→ **What to work on**: Please repeat the whole listing exactly, but leave the pictures out.

→ **Data shown**:
____

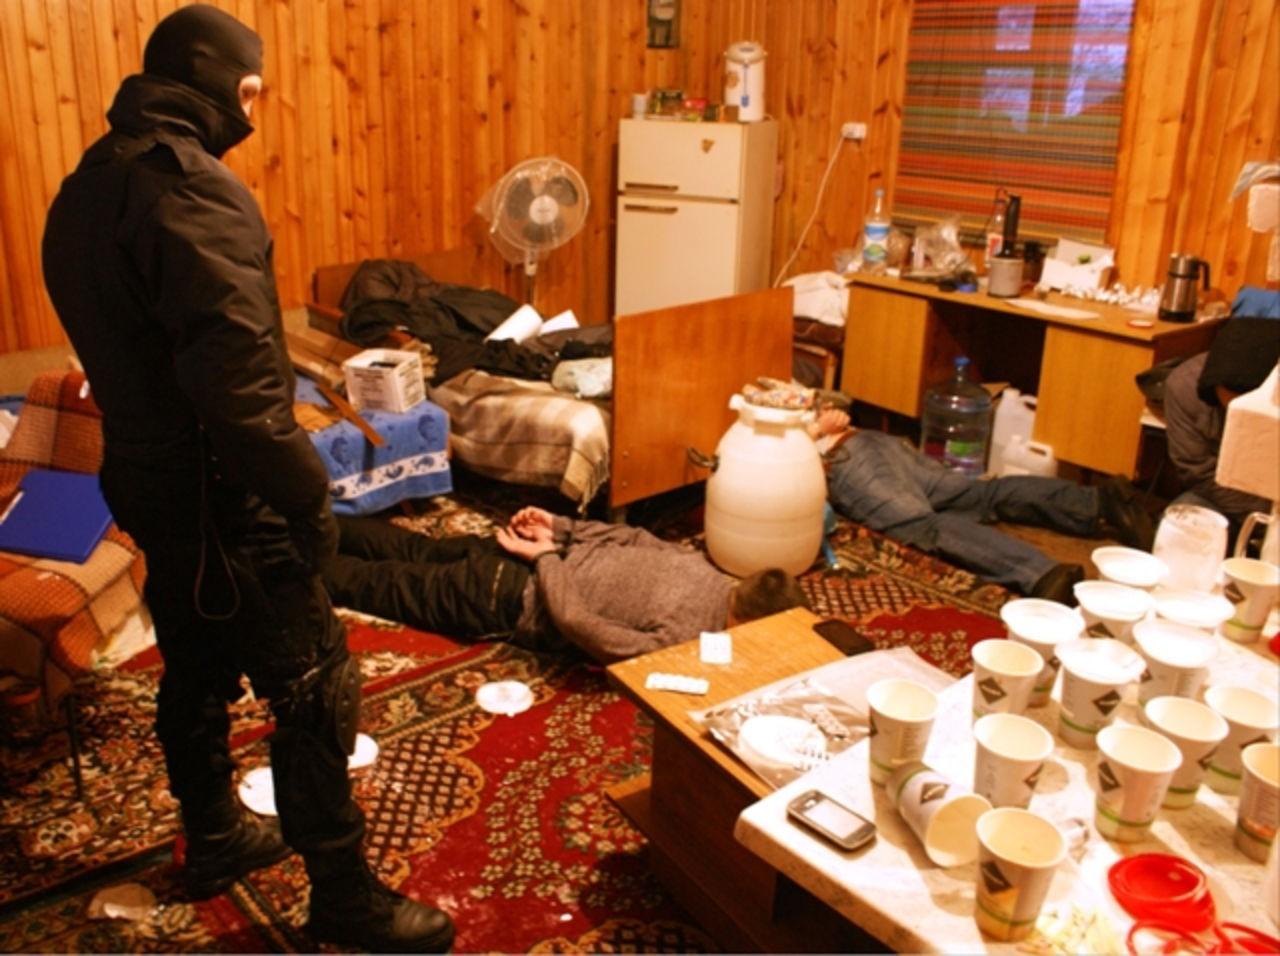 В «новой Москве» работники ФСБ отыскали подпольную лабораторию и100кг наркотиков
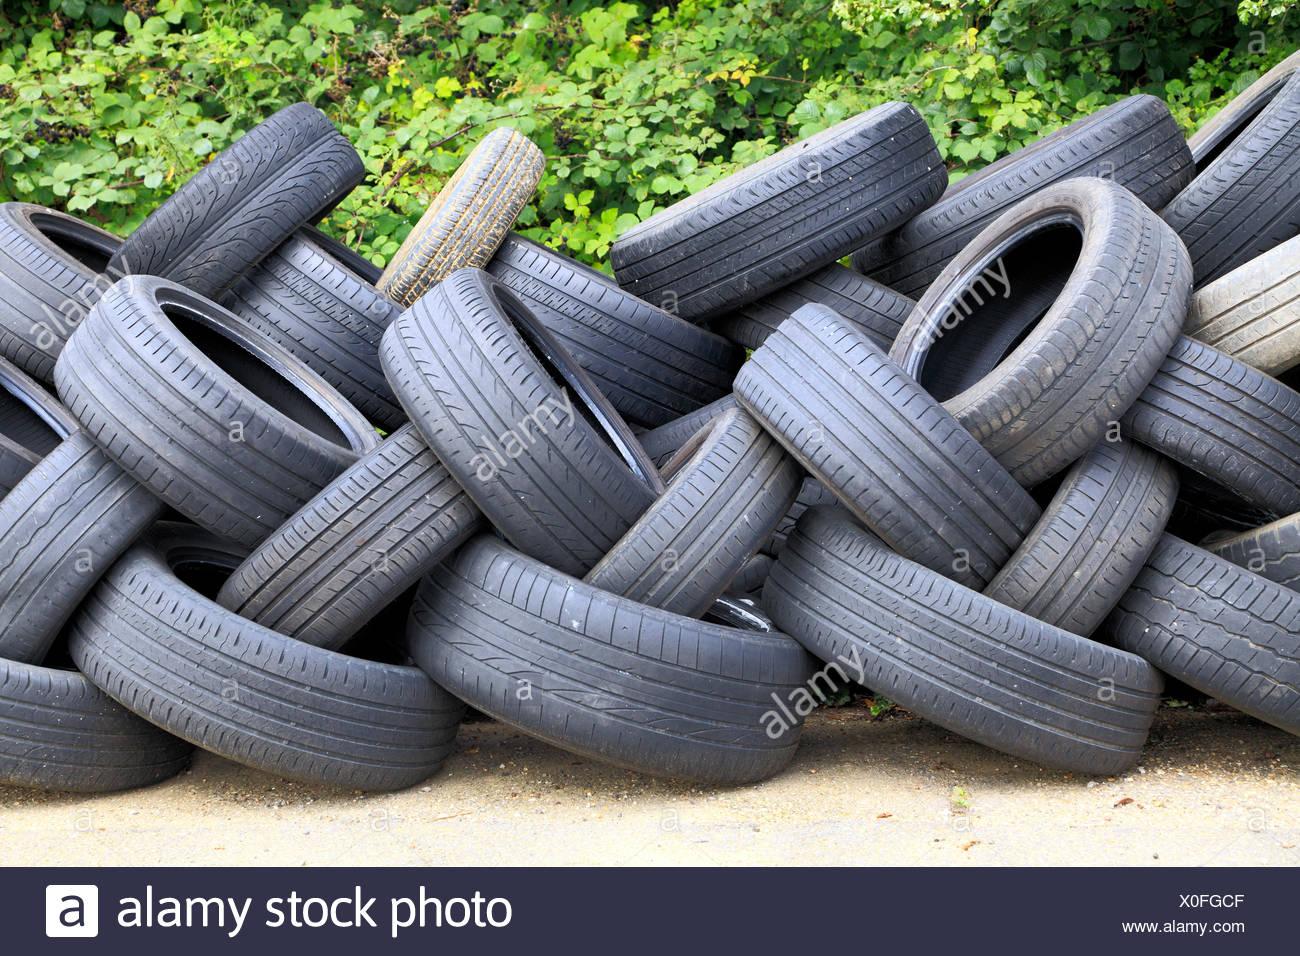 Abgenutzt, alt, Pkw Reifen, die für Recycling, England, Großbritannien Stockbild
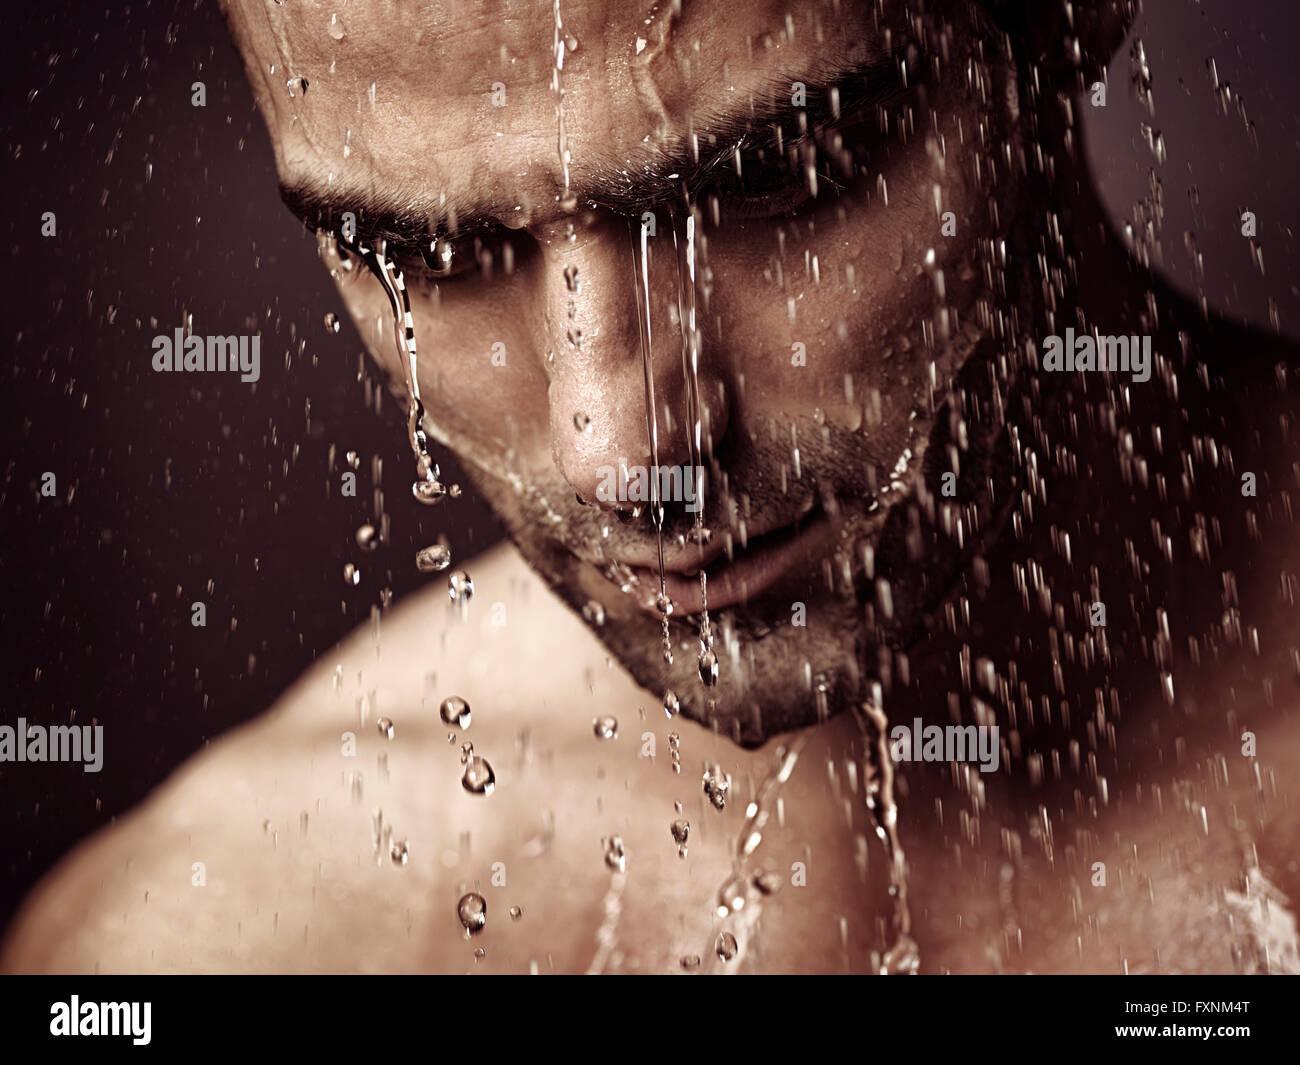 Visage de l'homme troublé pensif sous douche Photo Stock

____

→ **Answer area**:
 В «новой Москве» работники ФСБ отыскали подпольную лабораторию и100кг наркотиков
 Abgenutzt, alt, Pkw Reifen, die für Recycling, England, Großbritannien Stockbild
 Visage de l'homme troublé pensif sous douche Photo Stock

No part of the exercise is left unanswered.